The panel drive mechanisms 30 and 40 include an upper panel drive mechanism 30 connected to the upper portion of the front panel 24 and a lower panel drive mechanism 40 connected to the lower portion of the front panel 24.

The panel driving mechanisms 30 and 40 may operate both the upper panel driving mechanism 30 and the lower panel driving mechanism 40 to move the front panel 24 forward and backward horizontally, and the upper panel driving mechanism 30 ) And the lower panel driving mechanism 40 is not driven, so that the front panel 24 is inclined upwardly as a whole, so that the left and right ends and the top of the front panel 24 are connected to the front frame 20 and the air intake passage. It is also possible to form, and the upper panel driving mechanism 30 is not driven, only the lower panel driving mechanism 40 is driven so that the front panel 24 is inclined downward downward as a whole, the left and right sides of the front panel 24 and It is of course also possible that the lower end forms the front frame 20 and the air intake passage.

The upper panel driving mechanism 30 is respectively installed on the upper left and right sides of the front frame 20 and connected to the upper left and right sides of the front panel 24.

The lower panel driving mechanism 40 is installed at the lower left and right sides of the front frame 20 and is connected to the lower left and right sides of the front panel 24.

The inside of the main body 2 includes a heat exchanger 46 for heating or cooling the air sucked into the main body 2 with a refrigerant, and a drain for receiving condensed water dropped from the heat exchanger 120. The mechanism 48 is installed.

The heat exchanger 46 is formed to have a rectangular parallelepiped shape formed to extend from the rear upper side to the lower side of the front air inlet 4 to the lower side so that all the air sucked into the front air inlet 4 passes.

The drain mechanism 48 is located below the heat exchanger 46 and is formed long to the left and right.

Then, the inside of the main body (2) sucks indoor air through the front air inlet (4) to pass through the interior of the main body (2) and at least one of the upper air outlet (6) and the lower air outlet (8) The blower 50 which discharges through is provided.

The blower 50 blows air to the upper air discharge port 6 by the upper blower fan disposed in the upper part of the main body, and blows the air to the air discharge port 8 when the lower blower fan disposed in the lower part of the main body blows air.
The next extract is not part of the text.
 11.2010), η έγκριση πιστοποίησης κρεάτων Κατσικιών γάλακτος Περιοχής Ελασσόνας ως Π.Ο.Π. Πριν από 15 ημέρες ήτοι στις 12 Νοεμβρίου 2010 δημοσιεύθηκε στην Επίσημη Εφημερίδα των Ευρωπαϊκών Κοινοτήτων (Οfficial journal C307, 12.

It is also possible, one blower fan which is rotated in both directions is disposed inside the main body (2) to blow air to the upper air discharge port (6) when rotated in one direction or to the air discharge port (8) when the air is rotated in the other direction It is also possible to blow the air, and one blower fan which is rotated in one direction may be disposed inside the main body 2 to blow air toward both the upper air discharge port 6 and the lower air discharge port 8. As described above, only one blower fan blows air to both the upper air discharge port 6 and the lower air discharge port 8.
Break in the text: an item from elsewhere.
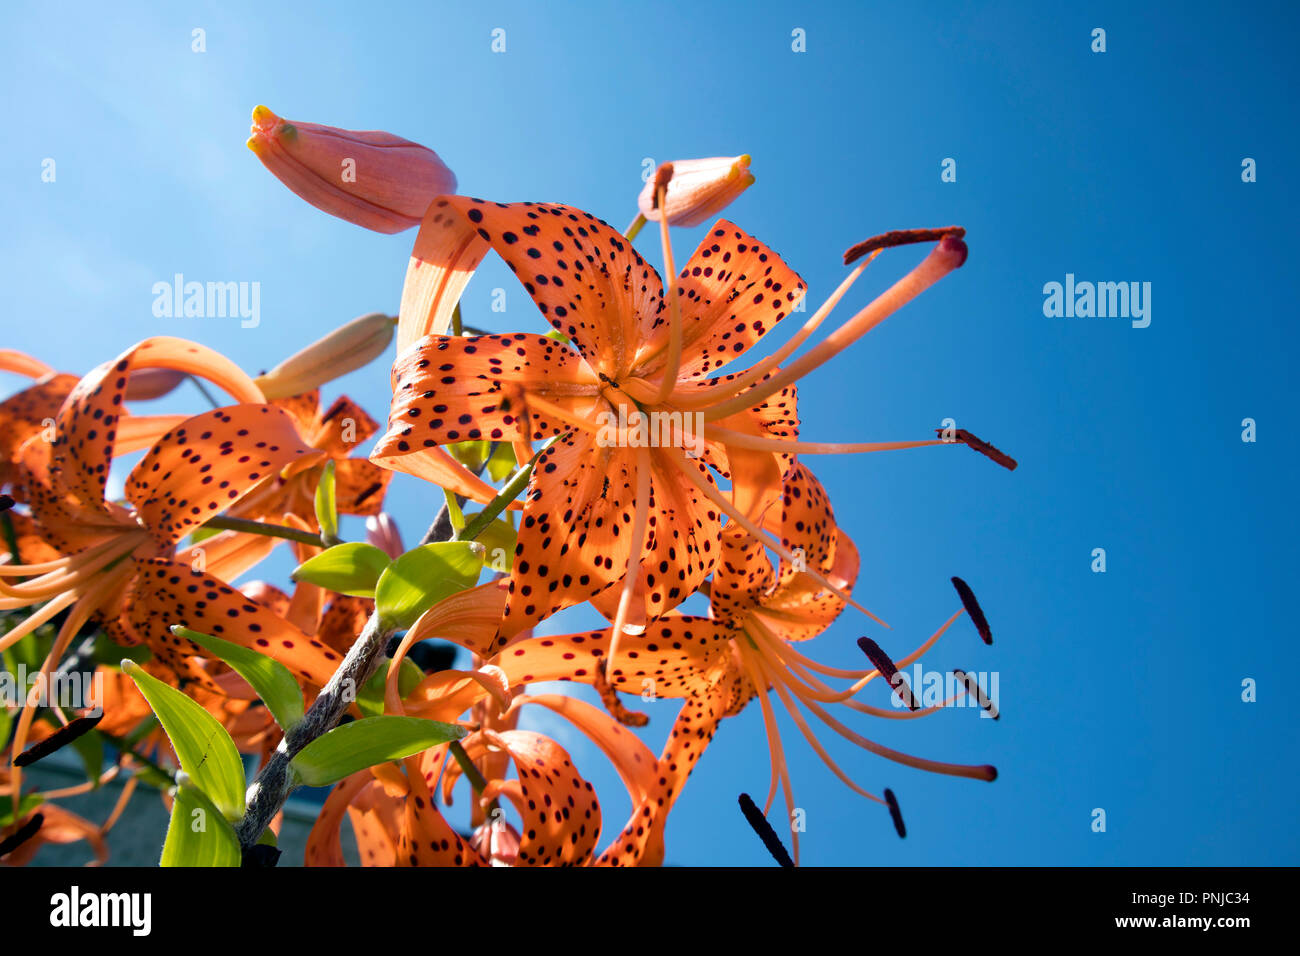 Romantico boccola crescente di Tiger Lillies con stami contro vivid blue sky Foto Stock

The blowing fan is composed of a centrifugal fan 52 that can blow air in various directions.

The blower 50 guides the suction of air when the air is sucked in front of the fan motor 54 installed in the chassis 10 and the centrifugal fan 52 so as to rotate the centrifugal fan 52, and increases the pressure of the sucked air. The note includes an orifice 56.
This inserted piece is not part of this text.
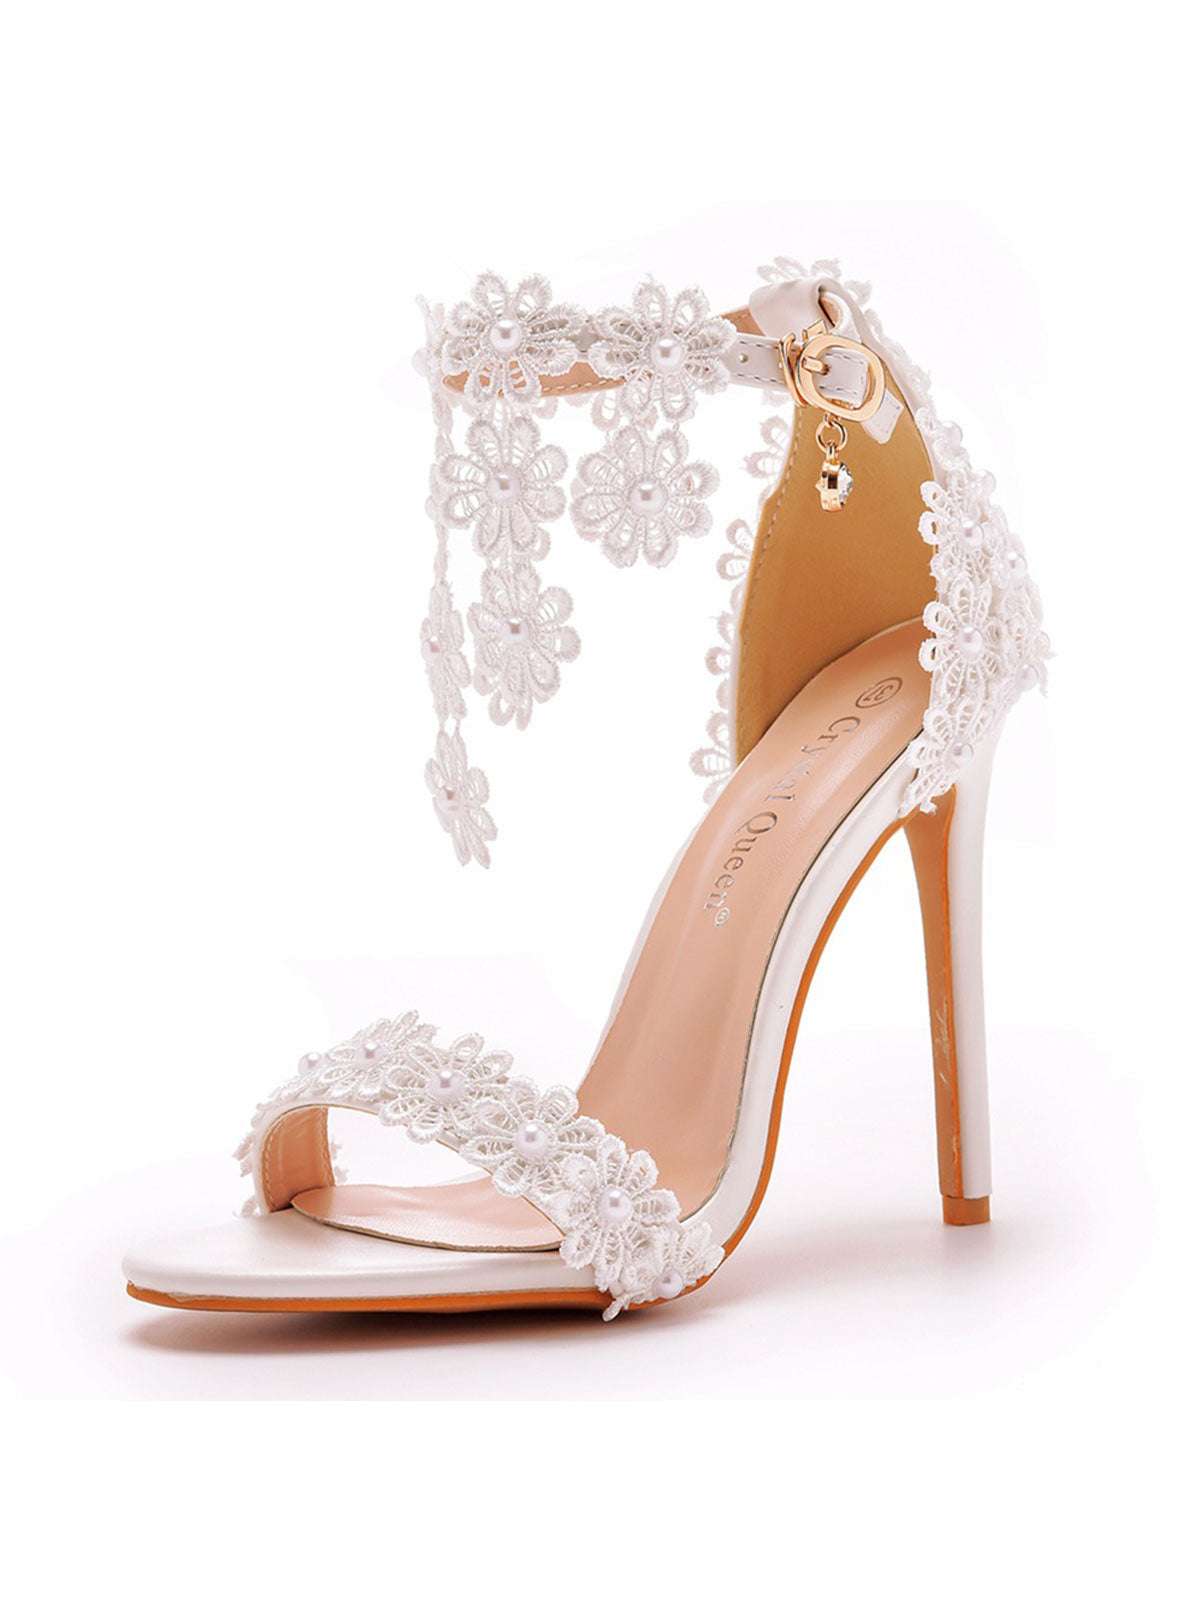 White Lace Flowers Tassels Open Toe Ankle-strap Ultra High Heels

The orifice 56 is installed to be positioned between the original fan 52 and the heat exchanger 46.

The blower 50 further includes scroll housings 60 and 70 which form a flow path of air flowed by the centrifugal fan 52.

Here, the scroll housing 60, 70 is a kind of fan housing that surrounds a part of the circumference of the centrifugal fan 52, the left and right scroll housings 60, 70 are formed to be spaced apart in the left and right directions.

The left scroll housing 60 and the right scroll housing 70 are symmetrically formed with respect to the center of the centrifugal fan 52.

The left scroll housing 60 and the right scroll housing 70 have one cutoff 62 positioned higher than the center of the centrifugal fan 52 and the other cutoff 72 is located at the centrifugal fan 52. The height is formed lower than the center of the.

The left scroll housing 60 and the right scroll housing 70 are formed such that the distance from the centrifugal fan 52 is gradually moved downward from the cutoff 62 of one of the 60, and the other of the other 70. The distance from the centrifugal fan 52 is gradually increased from the cut off 72 to the top.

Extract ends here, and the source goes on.